Bar Book: Poems and Otherwise
By Julie Sheehan
W. W. Norton, 2010

Reviewed by Peter Oresick

The lack of revolutionary sentiment that has been the norm among workers in the United States is countered this year, astonishingly, by a new brand of revolutionary zeal—Tea Party rage. A CBS News/ New York Times recent survey claims that nearly 20 percent of Americans support the Tea Party movement. Yet the movement’s populist anger is largely white and male (according to these pollsters), over fortyfive years of age, Republican, and wealthier than the average Joe. So where is old-fashioned, multicultural, working-class wrath?

High-octane class anger and indignation is largely absent among the usual suspects: trade unionists, minorities, college students, feminists, and in both the “liberal” print dinosaurs as well as the new electronic media. It is also missing, not surprisingly, from most contemporary literature. I surveyed quite a few new books of labor poetry this year. Most engage directly with issues of class, but I found little fury. Craig Paulenich’s Blood Will Tell, for example, casts a wistful spotlight on his forlorn industrial heartland; Sy Hoahwah’s Velroy and the Madischie Mafia employs a wry humor to dramatize the Native American experience in contemporary Comanche country; while Julie Sheehan’s witty hero in Bar Book, a cocktail waitress, is an American every woman—smart but powerless, and abused by every man—in a perverse service economy.
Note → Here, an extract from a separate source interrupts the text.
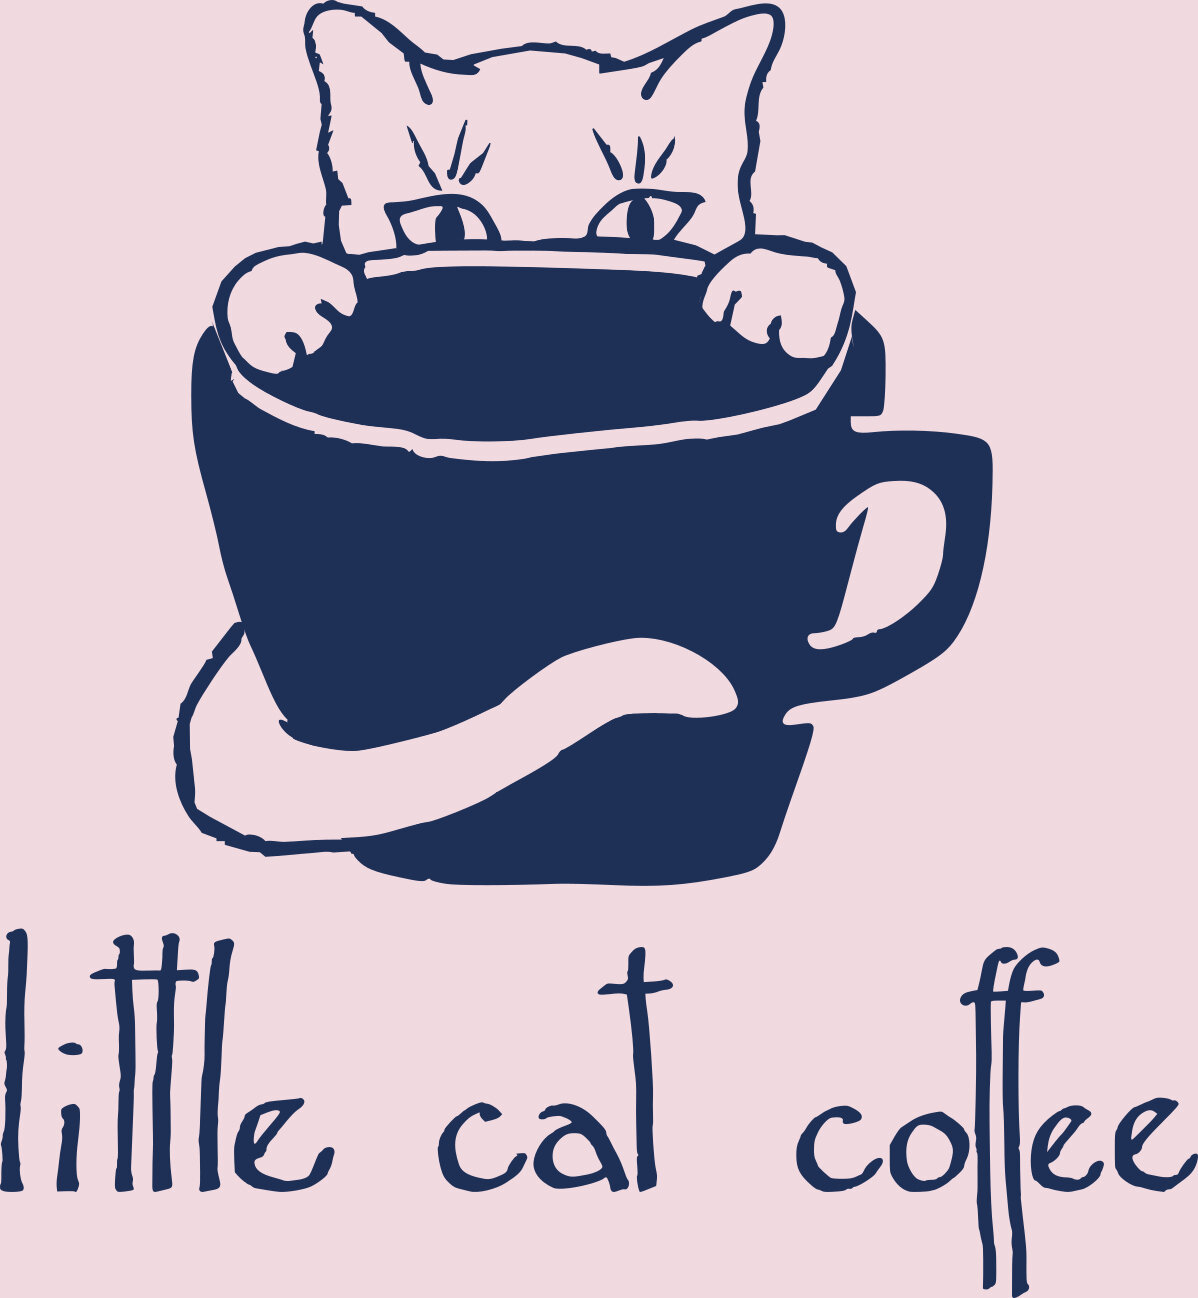 Little Cat Coffee

Perhaps this is why Jason Yurcic stands out; he is the angriest young American poet that I have encountered in years and rare in his display of class-consciousness. A former boxer from New Mexico with a troubled past, Yurcic, a worker-writer who now pours concrete for a living, offers up a poetic antidote to the silence of the working class in his third collection, Odes to Anger.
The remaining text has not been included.